# wstecz #
Nazwa „binduga" pochodzi od niemieckiego słowa „binden"- wiązać. Jest to miejsce składowania drewna, gdzie później stacza się je do wody i wiąże w tratwy.
Z uwagi na specyfikę Drawy płynącej w głęboko wciętej dolinie regułą było zakładanie bindug - zrzutni. Drewno gromadzono na placu składowym położonym ponad doliną rzeki, a przylegającym do jej krawędzi. W miarę potrzeby pnie drzew staczano pod własnym ciężarem po zboczu umocnionym drewnianymi legarami i formowano tratwy. Zbocze to nazywano stoczyskiem.
Zrzucone pnie łączono przy pomocy żerdzi i gwoździ w tzw. tafle, liczące 8-12 m3, drewna. Tafle wiązano łańcuchami jedna za drugą w tzw. sznur zwany też trefią. Aby taki zestaw mógł się bezpiecznie poruszać nurtem rzeki niezbędne było wyposażenie go w specjalne narzędzia sterujące. Należały do nich tzw. szrek - pionowo osadzona kłoda, która szorując o dno hamowała tafle oraz peć, zwany też dregawką - żerdź przy pomocy której obsługa tratwy odpychała się od dna. Było to jakby duże, płasko zaciosane wiosło długości 8-9 m.
Pierwsza tratwa w sznurze zwana była główką. Wykonana była z reguły z cieńszego drewna. Środkowe tratwy zwano buchtami, ostatnią zaś - cala. Pierwszą i ostatnia tratwę uzbrajano w szreki.

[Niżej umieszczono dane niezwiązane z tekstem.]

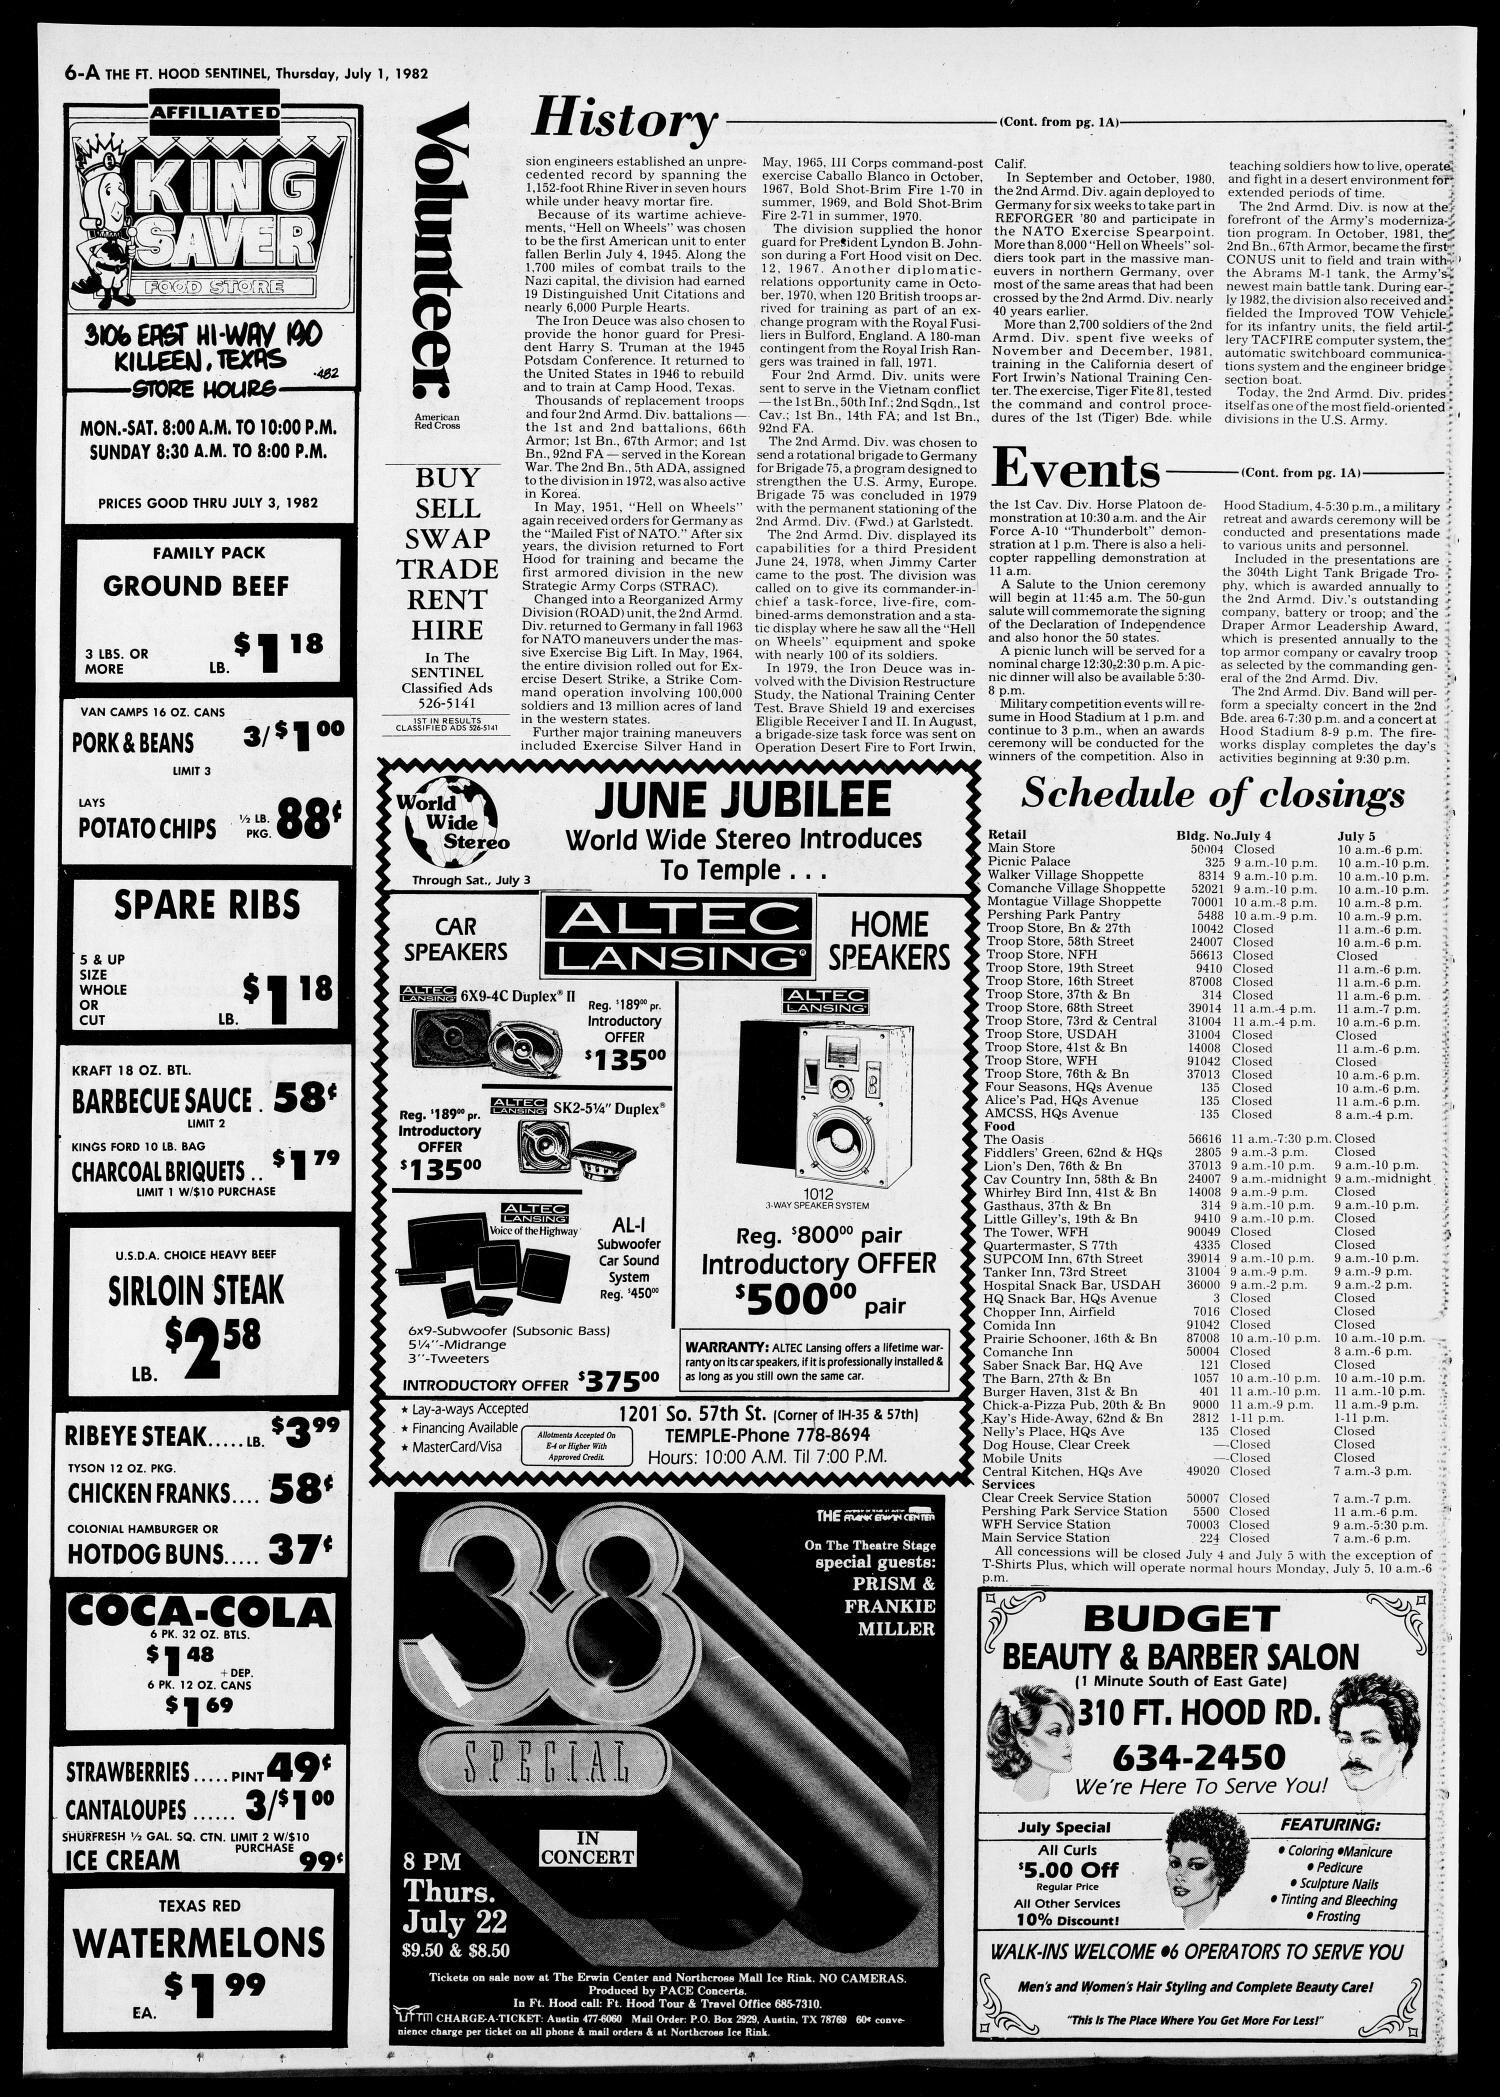 FT. HOOD SENTINEL_1 JUL 1982_PG 6.jpg
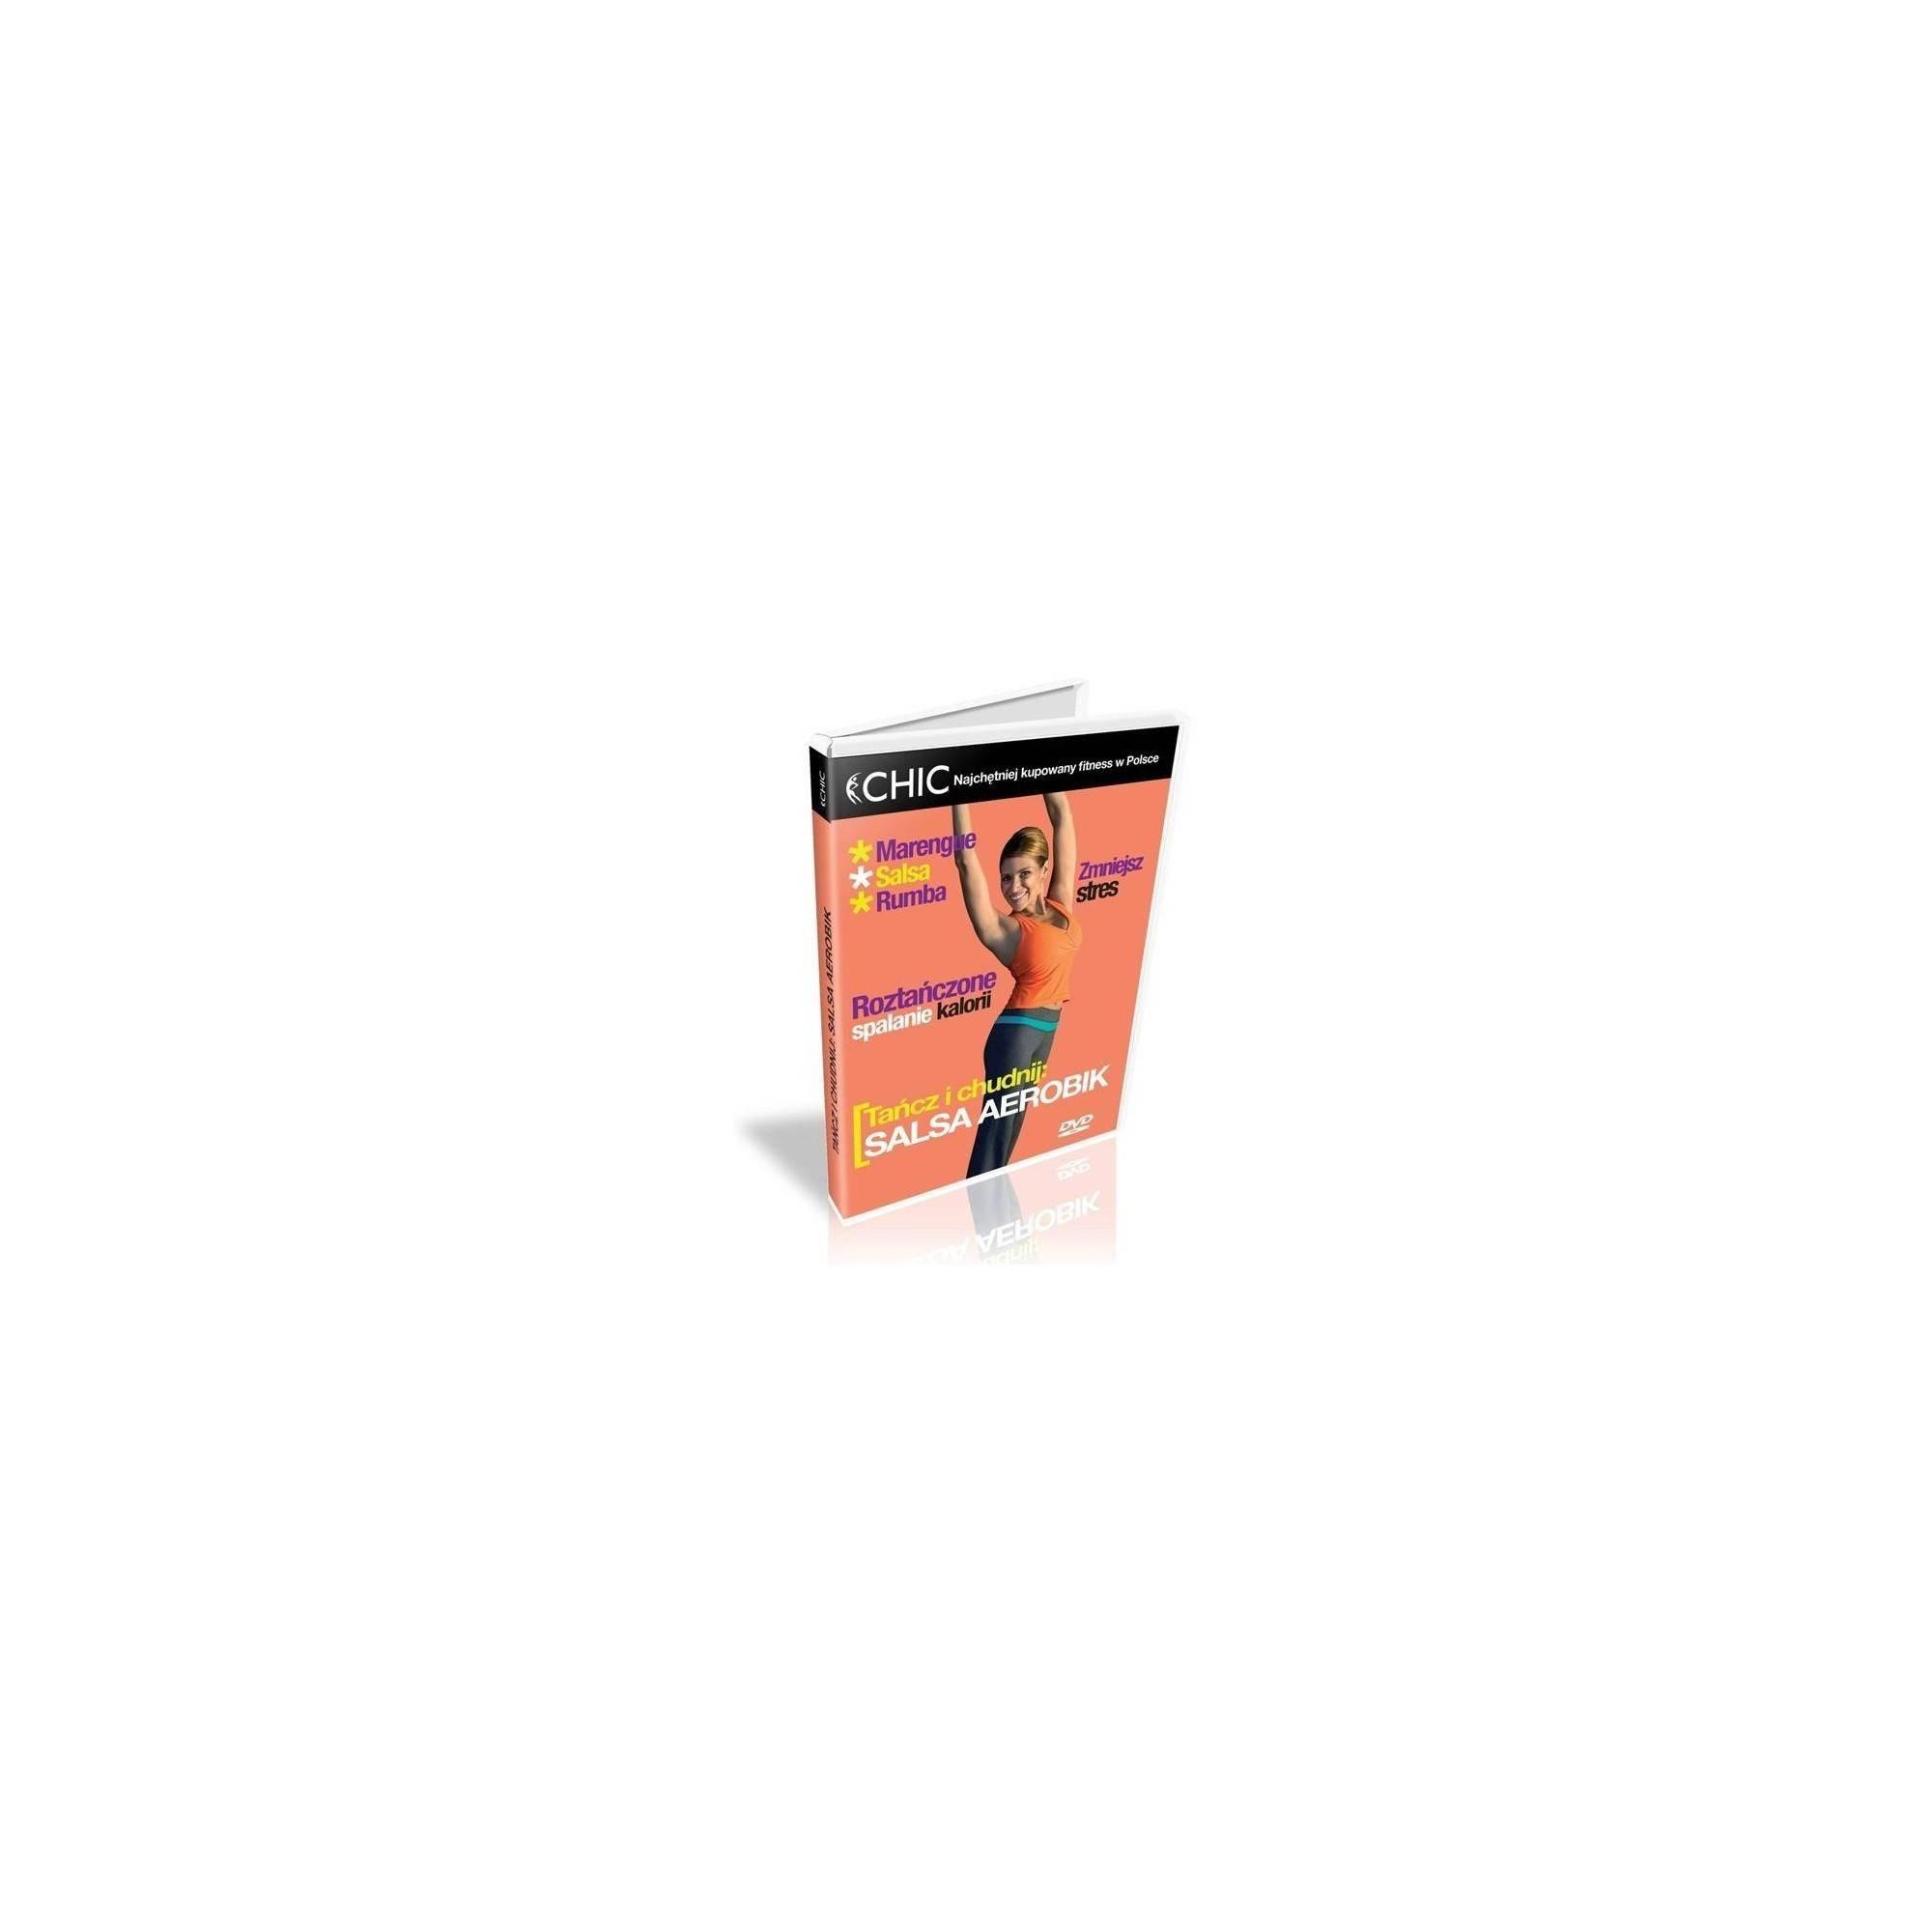 Ćwiczenia instruktażowe DVD Tańcz i Chudnij: Salsa Aerobik,producent: MayFly, photo: 1

Przed wyruszeniem na spływ drewno poddawane było specyfikacji. Każdej tratwie nadawano kolejny numer, wyraźnie odbity na środkowym klocu. Drewno mierzone było w wodzie. Wykonywał to retman, który stal na czele grupy flisaków. Zawsze znajdował się na początku tratwy. Odpowiadał za doprowadzenie transportu do celu, za bezpieczeństwo flisaków i za przestrzeganie przepisów związanych z poruszaniem się po rzece.
W okolicach miejscowości Kamienna, gdzie znajduje się elektrownia wodna, wykonano specjalną pochylnię dla tratew pozwalającą pokonać kilkumetrowej wysokości spiętrzenie. Aby tego dokonać trzeba było rozluźnić wiązania tratew, które po przejściu przez pochylnie wiązano ponownie.
Drewno było spławiane do dużego tartaku znajdującego się kilka kilometrów poniżej Starego Osieczna, w osadzie Drawska Piła lub też do portów w Drezdenku i Santoku.
Kierowanie kilkudziesięciometrowym "pojazdem" na krętej rzece wymagało dużych umiejętności i sprawności, dlatego spław należał do najlepiej płatnych zajęć.
Dystans spławu stopniowo skracano; na początku XX w. transportowano tak drewno z okolic Barnimia, później ograniczono się do odcinka poniżej Kamiennej, a w latach siedemdziesiątych ten sposób transportu ostatecznie zarzucono.
Do dziś jeszcze w okolicznych wsiach żyją dawni flisacy.
Większość dawnych bindug jest do dzisiaj czytelna w terenie: na miejscu placu składowego znajdują się polanki wykorzystywane jako pola biwakowe, albo młode uprawy modrzewia lub sosny. Stoczysko porasta najczęściej kilkunastoletni drzewostan samosiewnej sosny lub olszy czarnej, odgraniczający się ostro od zajmującej nienaruszone zbocze kwaśnej buczyny.